Day seventeen...holy bomb ass workout!

This morning's hour and a half workout with Dee involved...1/2 a mile of lunges, backward lunges, and squats with a 15 lb body bar. 1/2 a mile of jogging with weights held over the shoulders. Suicide sprints, mountain climbers, side ways planks, one leg burpees, pushups, plyo pushups, reverse tricep dips, bear crawls up hill, bunny jumps, renegades, military squats and press, plank ups, backwards run up hill, and abs to finish it off. I'm pretty sure I left out a couple of things but that is all that comes to mind right now. Over two months ago, I would have wanted to throw my weights into the fountain, run to my car, and drive away.  My body is on FIRE and I feel like I could take on the world right now. Love it! 

Breakfast: 2 boiled eggs, 4 oz pan seared pork tenderloin, 4 strawberries, 1/2 avocado.

Post workout meal: 5 oz pan seared pork tenderloin, handful of macadamia nuts.

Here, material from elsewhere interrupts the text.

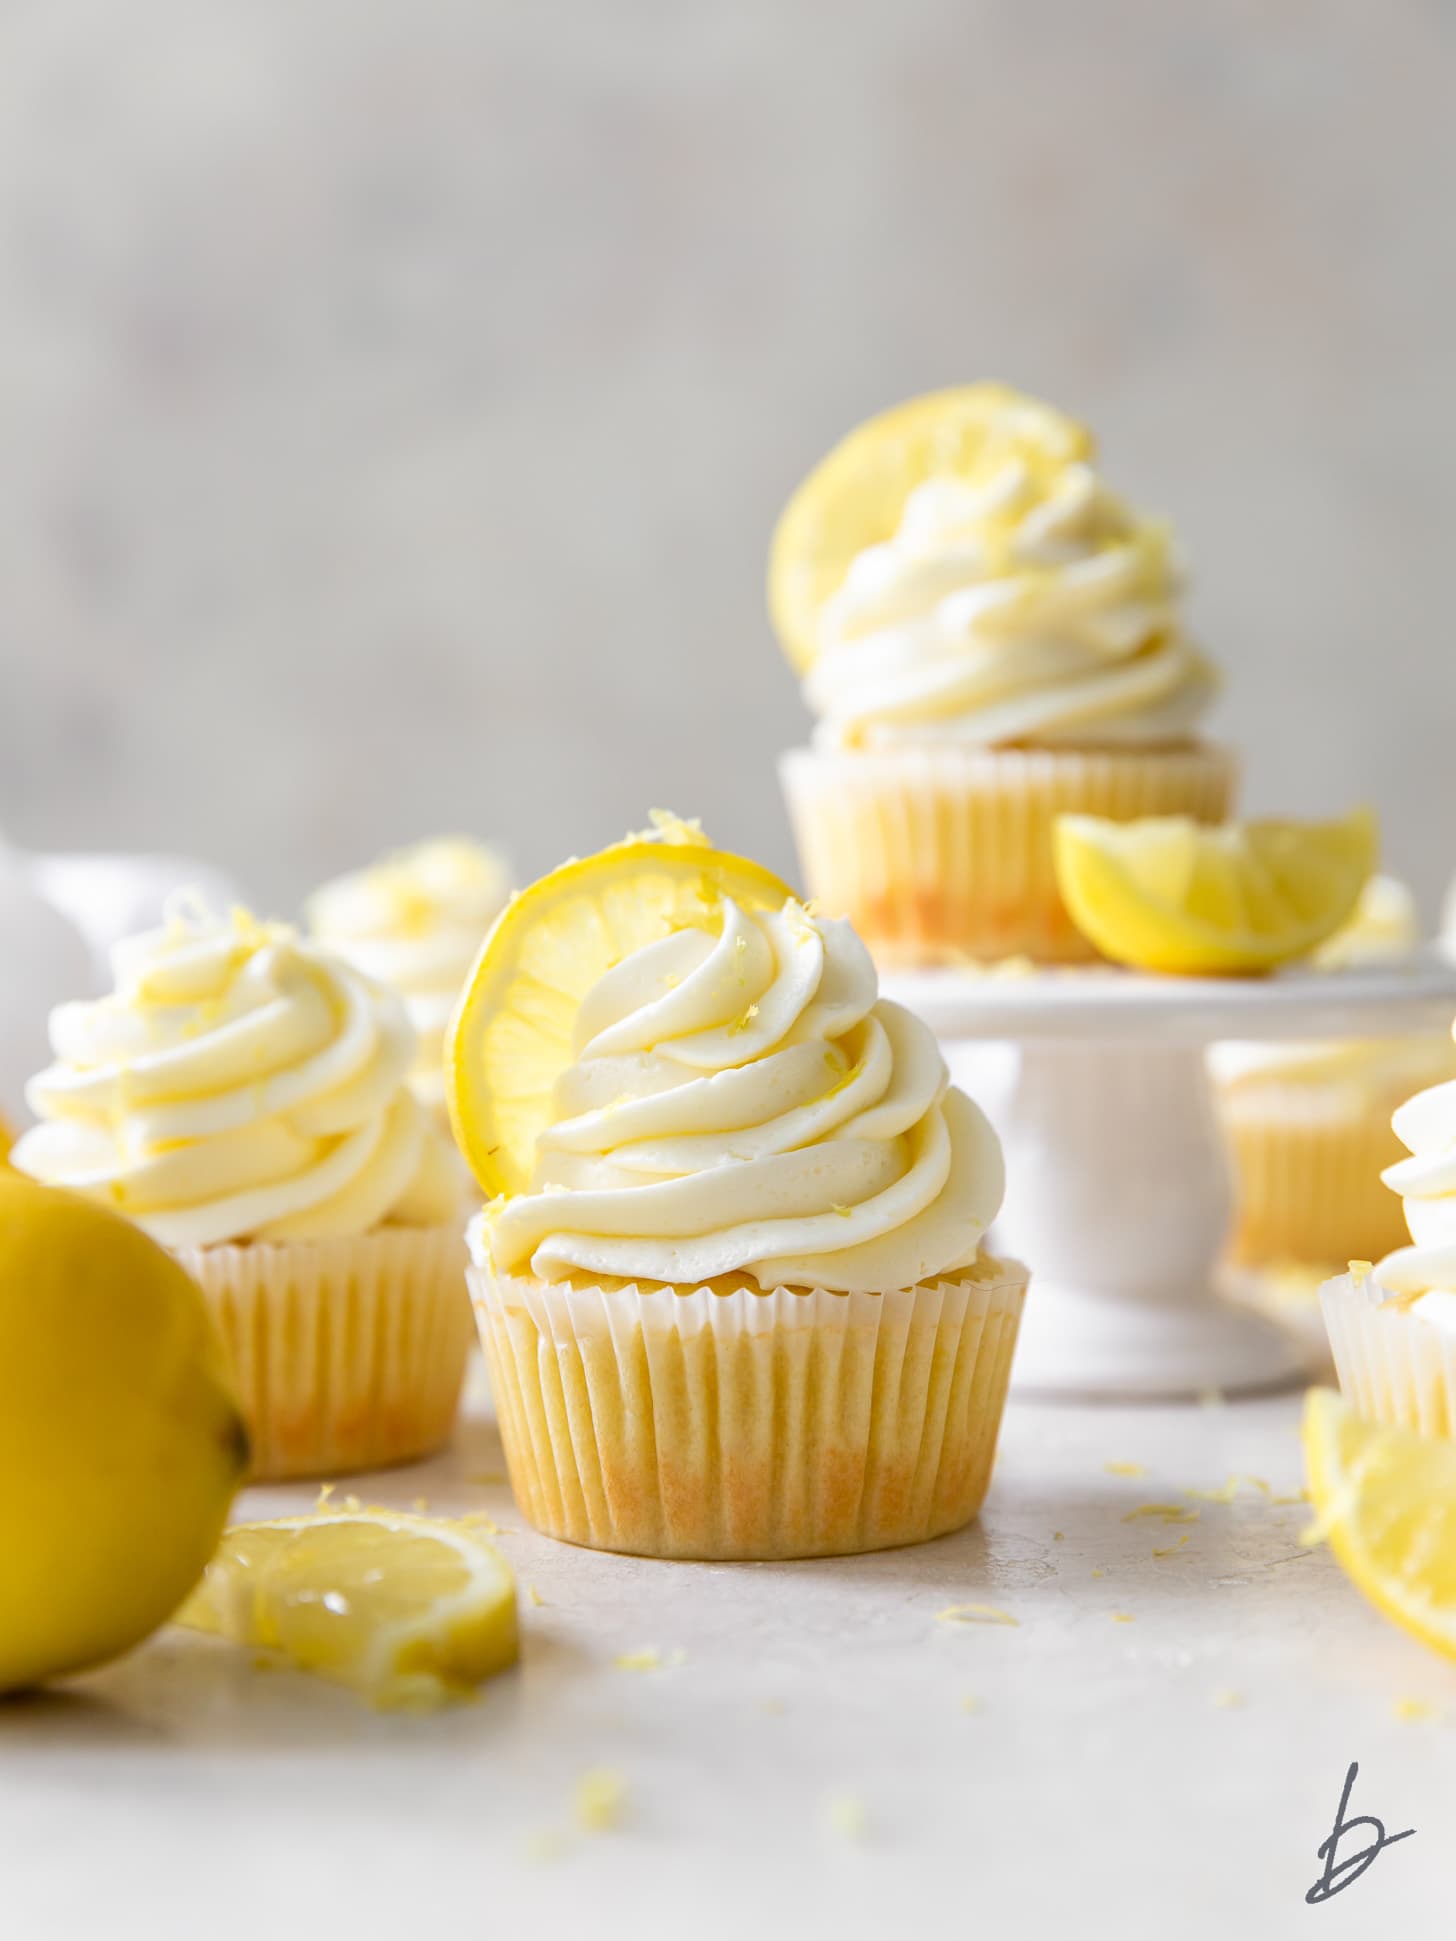 lemon cupcakes with frosting and lemon wedges as garnish.

Snack: 1 apple, handful of carrots. I can already tell that I am going to be a bottomless pit today. Time to grill more chicken for the week!

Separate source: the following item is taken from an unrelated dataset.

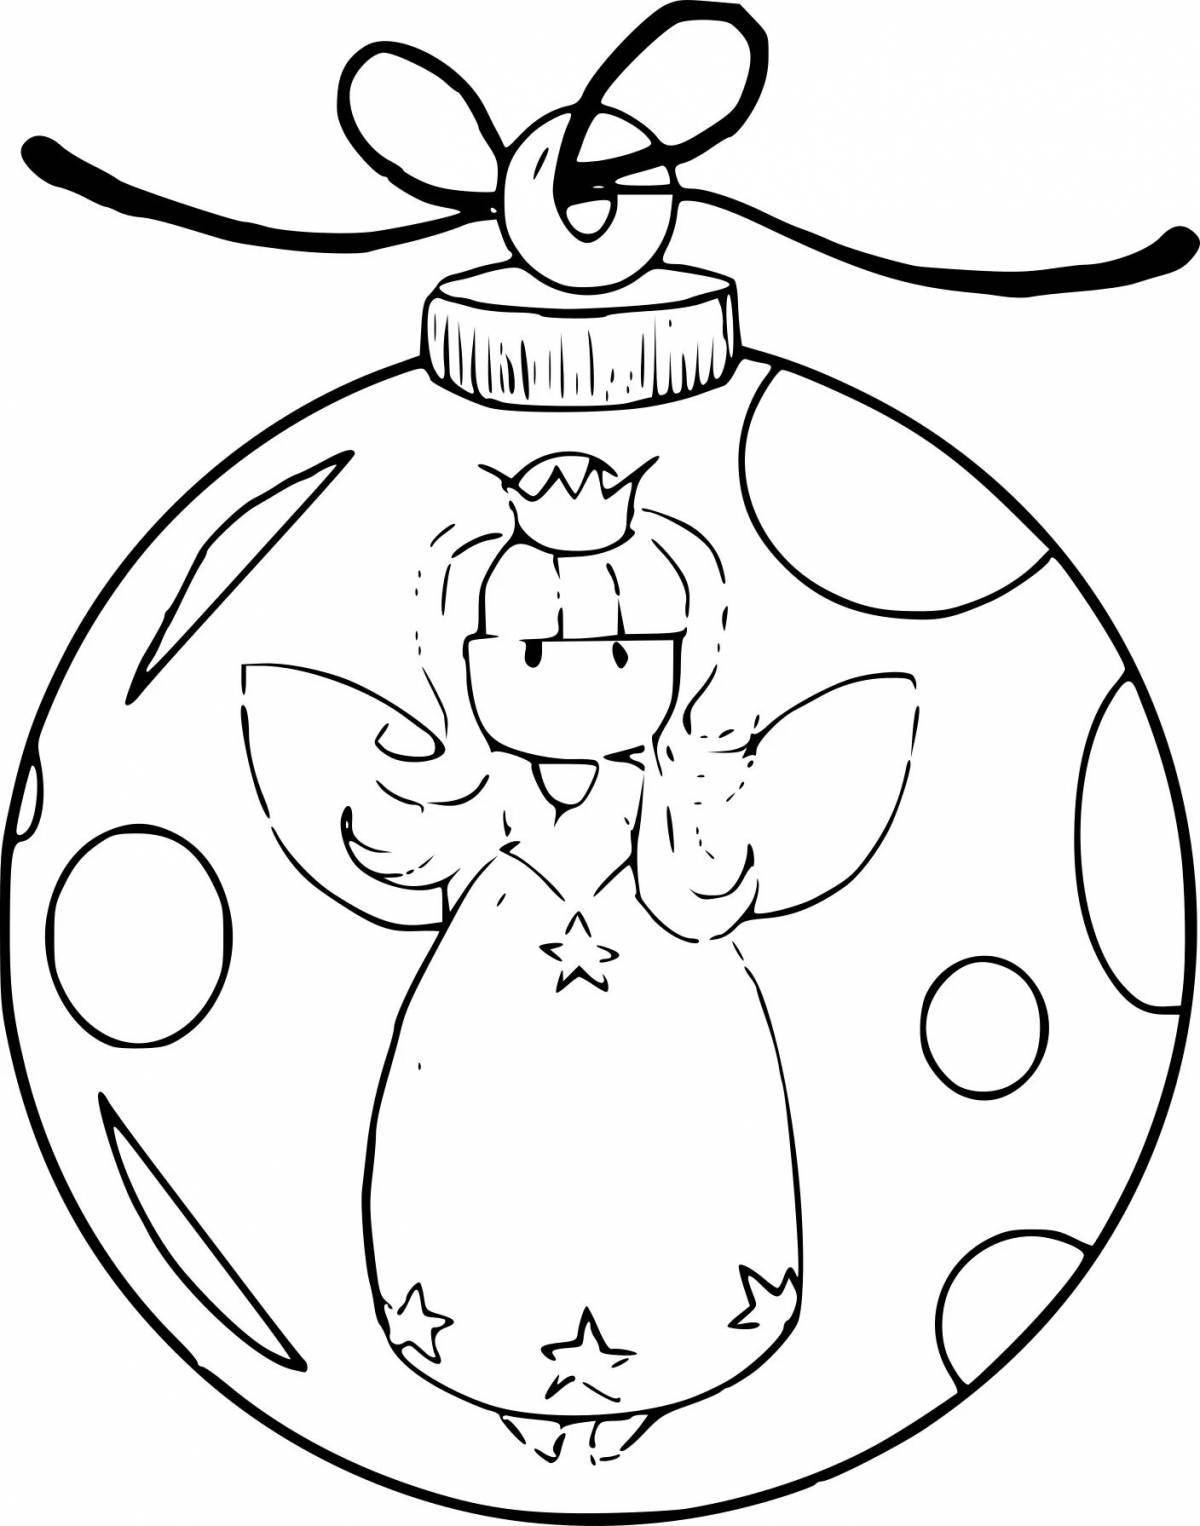 Sparkling Christmas angels coloring book

Lunch: 6 oz grilled chicken breast with spicy Mrs. Dash, 2 cups mixed greens tossed in olive oil and balsamic vinegar, 1 oven roasted beet, 5 slices grilled sweet potatoes, 2 strawberries, and a handful of crushed macadamia nuts.

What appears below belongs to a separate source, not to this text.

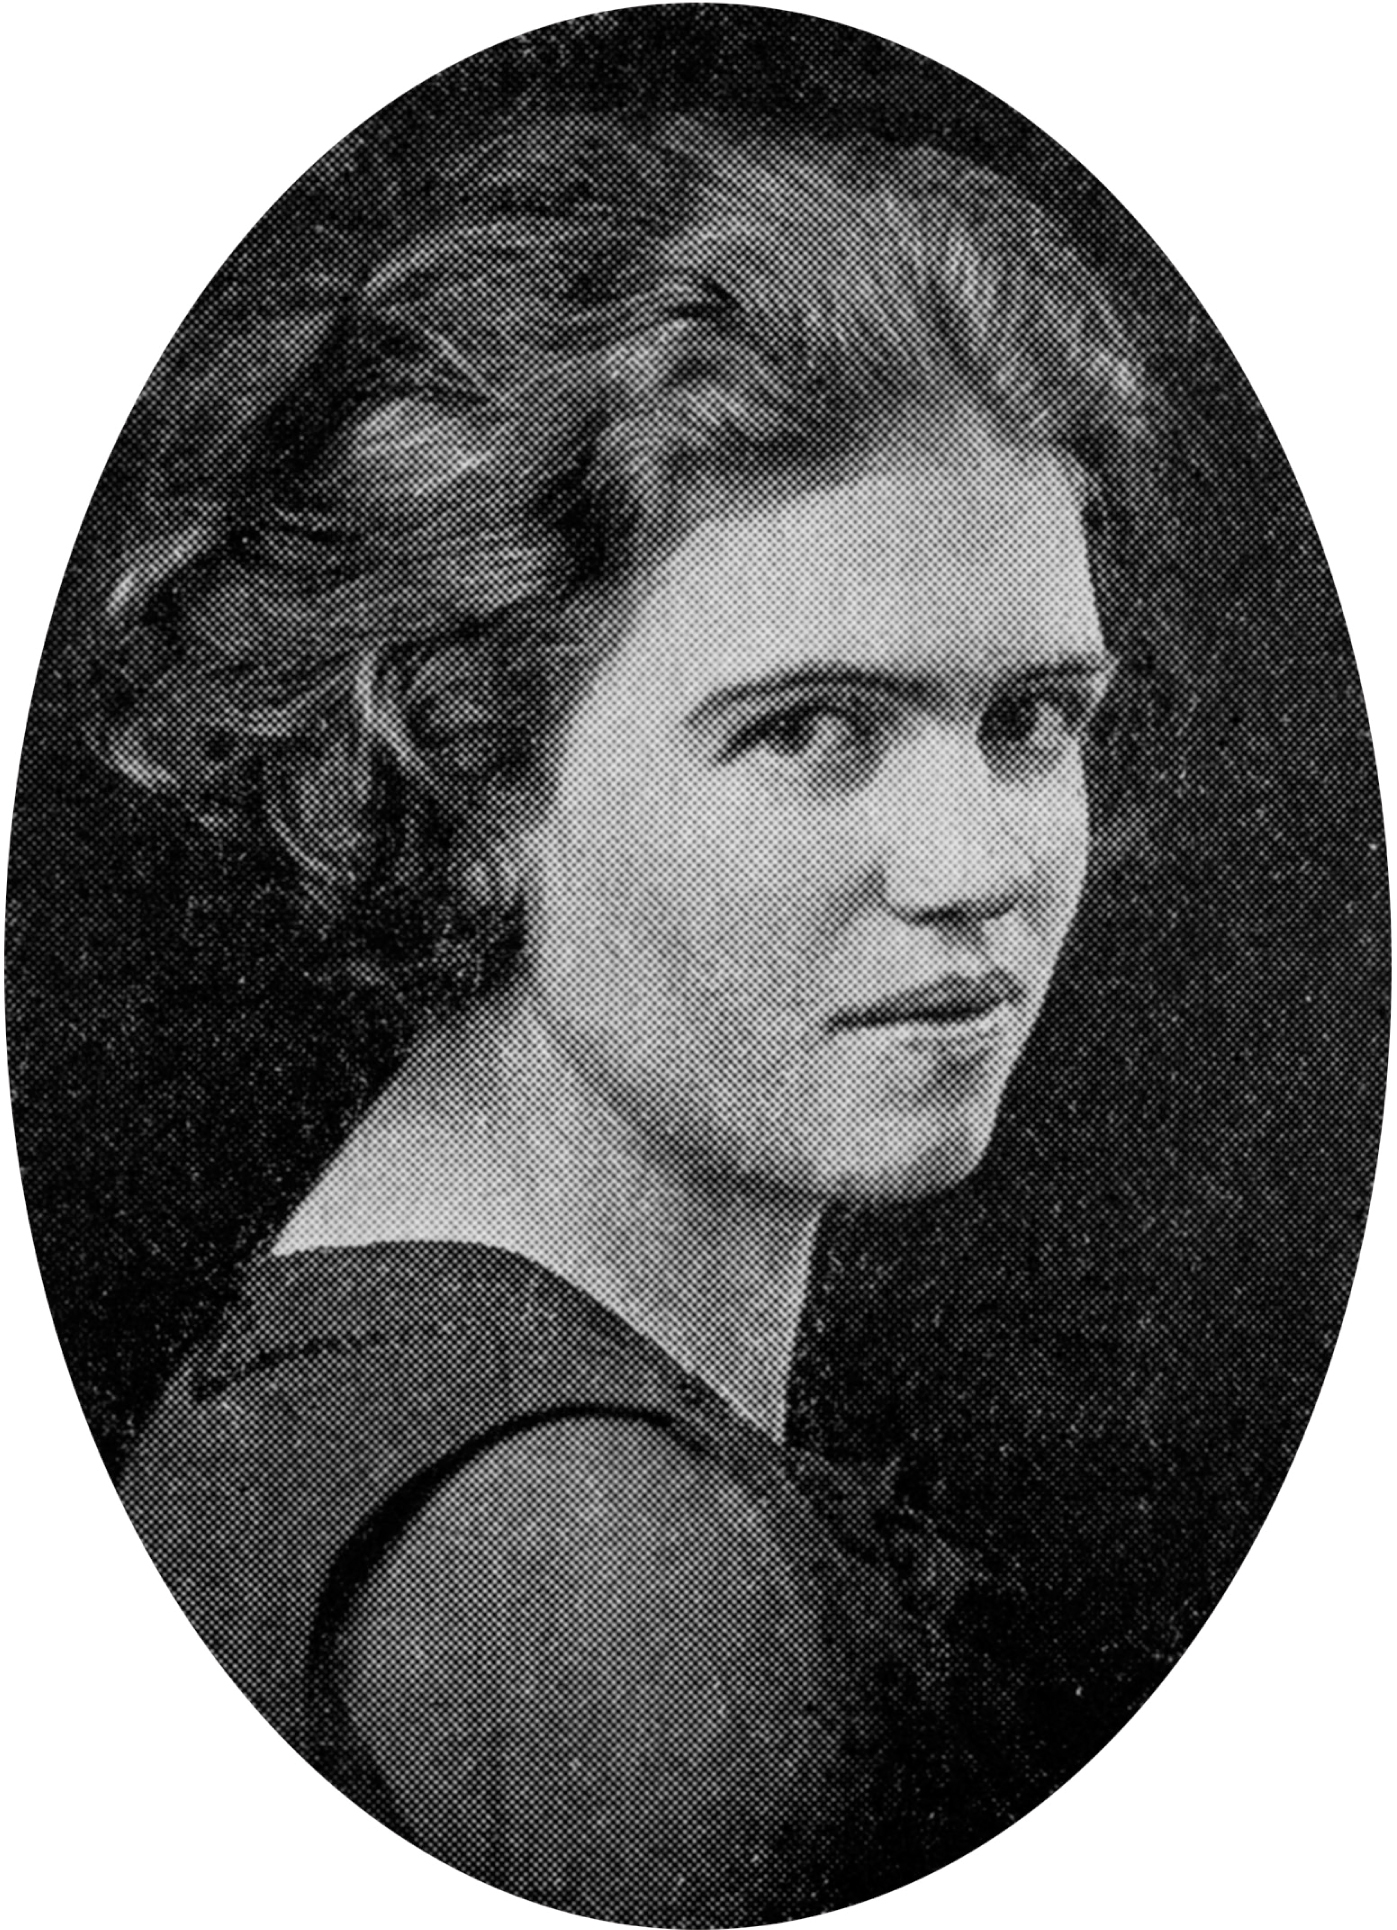 Margaret Mead senior class photo from the Barnard College yearbook 1923 - photo 3

Snack: Handful of frozen raspberries. Mmmmm....tastes like mini popsicles! 

Snack: 3 oz broiled tamari and fresh ginger salmon. 

Dinner: 6 oz char grilled flank steak (with spicy Mrs. Dash and olive oil), 8 char grilled asparagus spears, 16 steamed green beans, sauteed fresh garlic and olive oil red swiss chard, 2 strawberries, and a handful of blueberries.

Snack: 3 oz grilled chicken breast, 1 apple, 2 slices of grilled sweet potatoes.

I've been hearing some negative feedback about the paleo diet. Frankly, I find it annoying but lets entertain the idea for a bit shall we? Fad diets are grouped together by people that think that it is a unhealthy choice of eating. Cabbage soup diet, grapefruit diet, HCG diet, sleeping beauty diet, air diet, five bite diet, ear stapling diet, tapeworm diet, baby food diet, and the cotton ball diet. All big no nos in my book. Restricting and starving yourself wont get you your long term goals or build muscle. Believe me, I know..instead it got me the skinny fat physique for the last couple of years. The paleo diet is defined by what you can not eat as much as it is what you can. No grains, potatoes, sugar, legumes, or dairy. What you can have is delicious fruits, coconut, vegetables, nuts, olive oil, wild fish, and grass fed protein. The cavemen didn't eat twinkies, ho hos, chips, or big macs (and yes I was guilty of this before as well)...why should we? Look at my shopping lists alone and you'll see all the nutrients and foods offered. Now google paleo diet (not the 30 day). There you go, there's even more. I'm not saying the paleo diet is all mighty, all other diets suck, and grains are horrible. Consuming specific grains in moderation can provide significant health benefits with very little downside. Sprouted grains (such as wheat grass) and cereal grasses as examples of good grains. And take barley as another example (when consumed presprouted, sprouted, or cereal grass forms, it's a monster of nutrition) high in beta-glucans and it's one of the lowest of all foods on the glycemic index. Will I eat jasmine rice ever again in the future? You bet your sweet ass I will. The paleo diet has taught me discipline and learning to enjoy foods with out having to smother it in sauce. I'm seeing the results I want, I have more energy, and I feel a hundred times better. I think the key is finding a healthy eating lifestyle that is still enjoyable and easy to maintain. Everyone is different, so find one that works for you and stop involving yourself in what other people are doing. Eat clean, work the body hard, and live well.